▶ _Assigned task_: Copy the data below. Keep every line exactly as it is.

▶ _Dataset extract_:
•••••

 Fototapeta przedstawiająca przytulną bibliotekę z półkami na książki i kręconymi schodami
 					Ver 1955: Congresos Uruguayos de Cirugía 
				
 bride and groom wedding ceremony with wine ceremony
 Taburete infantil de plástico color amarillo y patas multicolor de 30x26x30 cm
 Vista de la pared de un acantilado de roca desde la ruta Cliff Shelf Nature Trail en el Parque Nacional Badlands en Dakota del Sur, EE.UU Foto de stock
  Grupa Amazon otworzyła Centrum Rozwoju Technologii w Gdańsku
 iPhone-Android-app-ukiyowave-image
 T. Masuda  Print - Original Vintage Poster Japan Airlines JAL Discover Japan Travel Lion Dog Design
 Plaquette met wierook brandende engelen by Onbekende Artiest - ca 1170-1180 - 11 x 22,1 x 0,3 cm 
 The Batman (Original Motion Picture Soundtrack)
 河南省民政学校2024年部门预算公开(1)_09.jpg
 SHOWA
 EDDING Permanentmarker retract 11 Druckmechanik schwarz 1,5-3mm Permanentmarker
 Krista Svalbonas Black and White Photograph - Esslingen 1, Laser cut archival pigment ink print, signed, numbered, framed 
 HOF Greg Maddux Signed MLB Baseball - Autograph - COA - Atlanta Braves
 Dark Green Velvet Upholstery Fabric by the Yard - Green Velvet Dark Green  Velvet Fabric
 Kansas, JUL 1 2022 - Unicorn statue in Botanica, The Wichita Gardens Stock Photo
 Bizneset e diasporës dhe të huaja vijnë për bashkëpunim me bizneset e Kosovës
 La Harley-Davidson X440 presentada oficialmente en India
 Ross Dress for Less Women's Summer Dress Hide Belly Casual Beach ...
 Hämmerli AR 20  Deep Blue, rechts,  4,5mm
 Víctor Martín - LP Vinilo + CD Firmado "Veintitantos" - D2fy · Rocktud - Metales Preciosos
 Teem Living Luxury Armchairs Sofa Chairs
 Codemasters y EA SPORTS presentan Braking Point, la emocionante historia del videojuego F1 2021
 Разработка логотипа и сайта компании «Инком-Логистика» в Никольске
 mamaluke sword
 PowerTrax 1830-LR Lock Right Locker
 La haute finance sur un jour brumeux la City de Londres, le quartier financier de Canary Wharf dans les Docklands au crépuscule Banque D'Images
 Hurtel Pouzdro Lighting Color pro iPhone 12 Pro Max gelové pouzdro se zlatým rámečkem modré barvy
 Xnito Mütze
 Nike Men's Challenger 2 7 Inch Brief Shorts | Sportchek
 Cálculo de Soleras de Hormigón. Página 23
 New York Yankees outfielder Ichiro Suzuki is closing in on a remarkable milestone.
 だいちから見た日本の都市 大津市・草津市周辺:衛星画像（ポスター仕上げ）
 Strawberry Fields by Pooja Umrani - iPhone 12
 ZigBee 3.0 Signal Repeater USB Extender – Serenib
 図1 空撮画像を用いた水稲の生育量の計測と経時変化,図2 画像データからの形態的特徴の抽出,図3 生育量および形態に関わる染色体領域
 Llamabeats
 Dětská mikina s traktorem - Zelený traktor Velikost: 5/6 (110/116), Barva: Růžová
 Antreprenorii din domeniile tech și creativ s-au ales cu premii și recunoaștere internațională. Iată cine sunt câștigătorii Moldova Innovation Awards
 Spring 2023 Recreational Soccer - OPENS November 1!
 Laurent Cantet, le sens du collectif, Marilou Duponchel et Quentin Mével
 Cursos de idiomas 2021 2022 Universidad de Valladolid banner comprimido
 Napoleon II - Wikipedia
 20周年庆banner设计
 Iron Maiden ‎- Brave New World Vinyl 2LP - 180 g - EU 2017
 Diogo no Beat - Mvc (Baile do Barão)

•••••

▶ _Reply to the exercise_:
 Fototapeta przedstawiająca przytulną bibliotekę z półkami na książki i kręconymi schodami
 					Ver 1955: Congresos Uruguayos de Cirugía 
				
 bride and groom wedding ceremony with wine ceremony
 Taburete infantil de plástico color amarillo y patas multicolor de 30x26x30 cm
 Vista de la pared de un acantilado de roca desde la ruta Cliff Shelf Nature Trail en el Parque Nacional Badlands en Dakota del Sur, EE.UU Foto de stock
  Grupa Amazon otworzyła Centrum Rozwoju Technologii w Gdańsku
 iPhone-Android-app-ukiyowave-image
 T. Masuda  Print - Original Vintage Poster Japan Airlines JAL Discover Japan Travel Lion Dog Design
 Plaquette met wierook brandende engelen by Onbekende Artiest - ca 1170-1180 - 11 x 22,1 x 0,3 cm 
 The Batman (Original Motion Picture Soundtrack)
 河南省民政学校2024年部门预算公开(1)_09.jpg
 SHOWA
 EDDING Permanentmarker retract 11 Druckmechanik schwarz 1,5-3mm Permanentmarker
 Krista Svalbonas Black and White Photograph - Esslingen 1, Laser cut archival pigment ink print, signed, numbered, framed 
 HOF Greg Maddux Signed MLB Baseball - Autograph - COA - Atlanta Braves
 Dark Green Velvet Upholstery Fabric by the Yard - Green Velvet Dark Green  Velvet Fabric
 Kansas, JUL 1 2022 - Unicorn statue in Botanica, The Wichita Gardens Stock Photo
 Bizneset e diasporës dhe të huaja vijnë për bashkëpunim me bizneset e Kosovës
 La Harley-Davidson X440 presentada oficialmente en India
 Ross Dress for Less Women's Summer Dress Hide Belly Casual Beach ...
 Hämmerli AR 20  Deep Blue, rechts,  4,5mm
 Víctor Martín - LP Vinilo + CD Firmado "Veintitantos" - D2fy · Rocktud - Metales Preciosos
 Teem Living Luxury Armchairs Sofa Chairs
 Codemasters y EA SPORTS presentan Braking Point, la emocionante historia del videojuego F1 2021
 Разработка логотипа и сайта компании «Инком-Логистика» в Никольске
 mamaluke sword
 PowerTrax 1830-LR Lock Right Locker
 La haute finance sur un jour brumeux la City de Londres, le quartier financier de Canary Wharf dans les Docklands au crépuscule Banque D'Images
 Hurtel Pouzdro Lighting Color pro iPhone 12 Pro Max gelové pouzdro se zlatým rámečkem modré barvy
 Xnito Mütze
 Nike Men's Challenger 2 7 Inch Brief Shorts | Sportchek
 Cálculo de Soleras de Hormigón. Página 23
 New York Yankees outfielder Ichiro Suzuki is closing in on a remarkable milestone.
 だいちから見た日本の都市 大津市・草津市周辺:衛星画像（ポスター仕上げ）
 Strawberry Fields by Pooja Umrani - iPhone 12
 ZigBee 3.0 Signal Repeater USB Extender – Serenib
 図1 空撮画像を用いた水稲の生育量の計測と経時変化,図2 画像データからの形態的特徴の抽出,図3 生育量および形態に関わる染色体領域
 Llamabeats
 Dětská mikina s traktorem - Zelený traktor Velikost: 5/6 (110/116), Barva: Růžová
 Antreprenorii din domeniile tech și creativ s-au ales cu premii și recunoaștere internațională. Iată cine sunt câștigătorii Moldova Innovation Awards
 Spring 2023 Recreational Soccer - OPENS November 1!
 Laurent Cantet, le sens du collectif, Marilou Duponchel et Quentin Mével
 Cursos de idiomas 2021 2022 Universidad de Valladolid banner comprimido
 Napoleon II - Wikipedia
 20周年庆banner设计
 Iron Maiden ‎- Brave New World Vinyl 2LP - 180 g - EU 2017
 Diogo no Beat - Mvc (Baile do Barão)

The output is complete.